Nashville and wonder
Yesterday, upon my return from Nashville, I dusted off The Parthenon, (Harvard University Press, 2003) classicist Mary Beard’s neat, readable, and illuminating volume on the West’s most famous building. I wanted to catch up on the temple’s lore, after visiting Centennial Park’s full-scale replica of the Parthenon, originally built for 1897’s Centennial Exposition in what the guidebooks like to call the “Athens of the South.”
Nashville’s Parthenon houses an exhibition about the history of the building—including glimpses into the Exposition—as well as a rather pedestrian art gallery and a replica of Athena Parthenos; the most intriguing bits were the photos and descriptions of the Centennial grounds and attractions, ripe with wonder.
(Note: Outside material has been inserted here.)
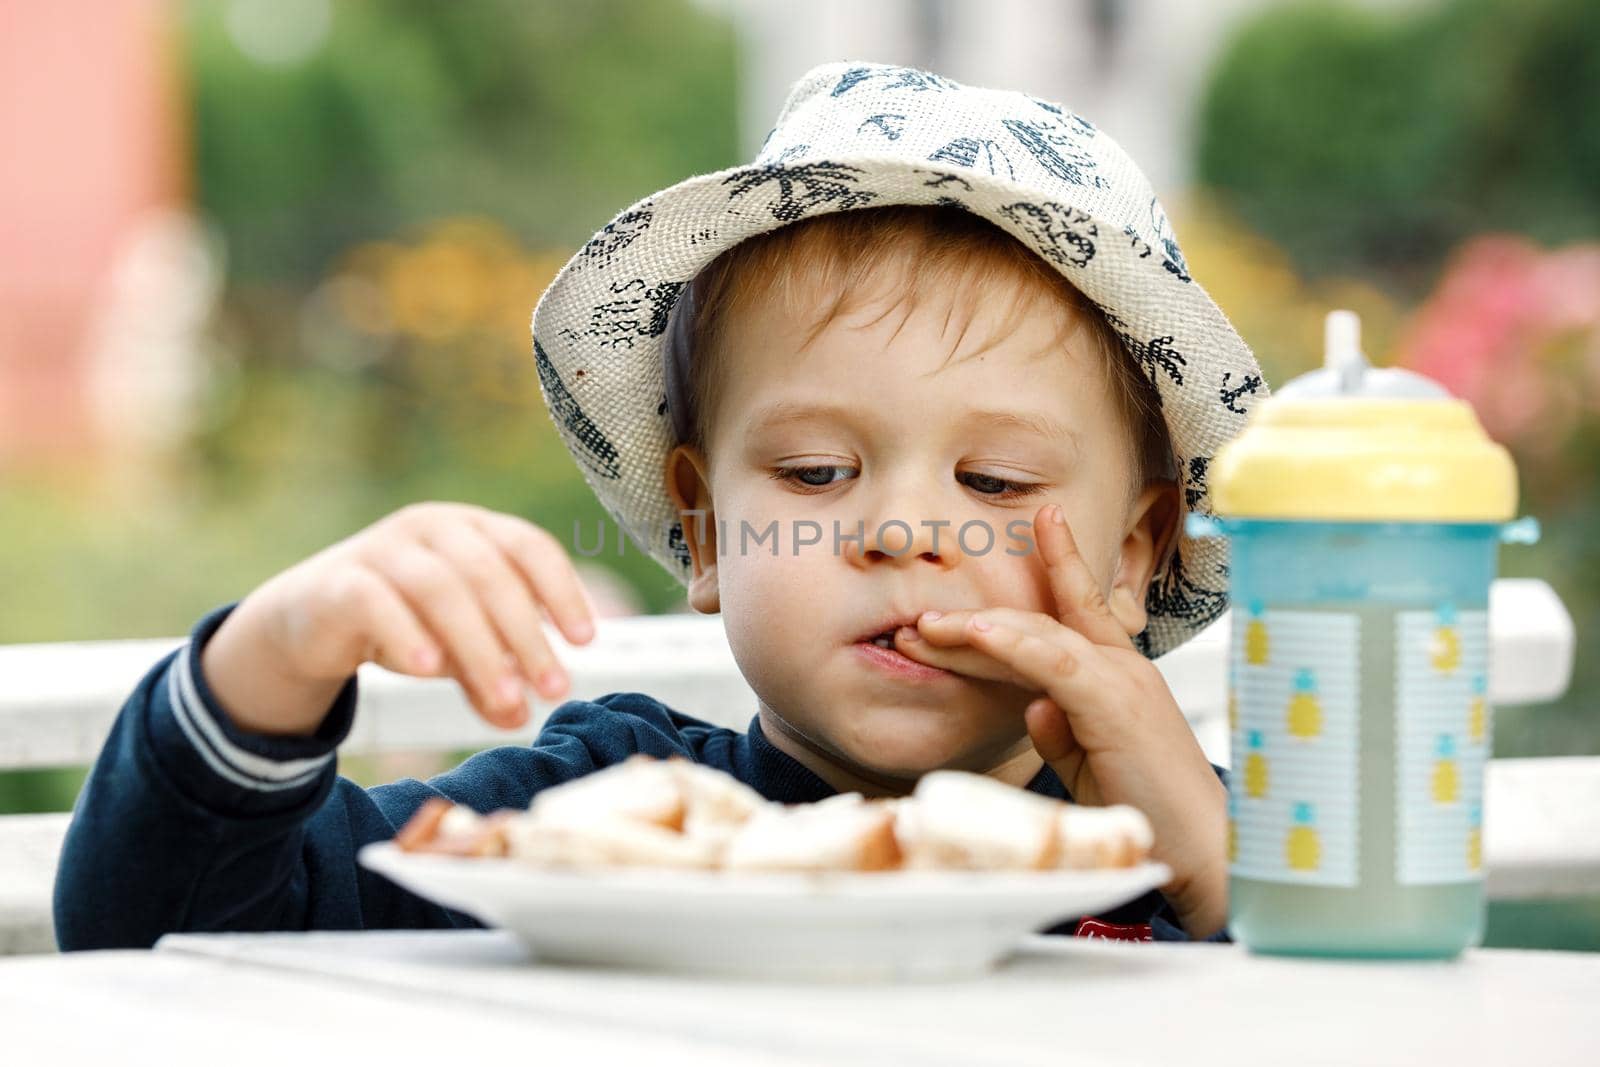 The boy eats toast for breakfast with juice in the background of a summer garden by Lincikas

As with any modern fair, the Exposition was chock full of attractions, a kind of midway denoted “Vanity Fair,” with attractions ranging from the “Streets of Cairo” (featuring a replica pyramid sponsored by Nashville’s sister city of Memphis, Tennessee; a similar attraction was featured at Chicago’s 1893 fair) to the “Cuban Village,” hawking “Mexican Dancing Girls; Cuban Dancing Girls; Spanish Dancing Girls” (photos from the 1939 World’s Fair, set in New York, show another such recreation). Other photographs show the outside of the café of Night and Morning, a live-action dramatization of Dante’s Inferno, featuring skeletons with illuminated red eyes, tables made from coffins, and chandeliers fabricated from human skulls and bones (a similar journey through heaven and hell was featured at Coney Island in 1907, according to research recorded on a UCLA website); a “cyclorama” of the battle of Gettysburg, the interior 360° mural painted over sixteen months by artists; and rides, including a giant see-saw and the chute, a car that plunged 200 feet to a shallow pool of water.
And that’s just the beginning: Algiers is reimagined in the guise of a “Moorish Palace,” with turbaned and fezzed guards ushering the visitors into a wax museum of “exotic and macabre” objects; fifteen cents purchased an admission to Thomas Edison’s “Mirage,” a theater of four life-sized motion picture images, projected via the inventor’s kinetoscope; and recreated “sham battles” offered a close-up view of the Custer’s demise at Little Bighorn.
There isn’t a hell of a lot on the web about the Exposition, so I ordered a used copy of Tenessee Centennial: Nashville 1897 (Arcadia, 1998) in their “Images of America” series: I’ve never sorted the documentation on the numerous world’s fairs of the era, but the simple fact that attractions seem to show up in different cities merits further research. Wonderous stuff.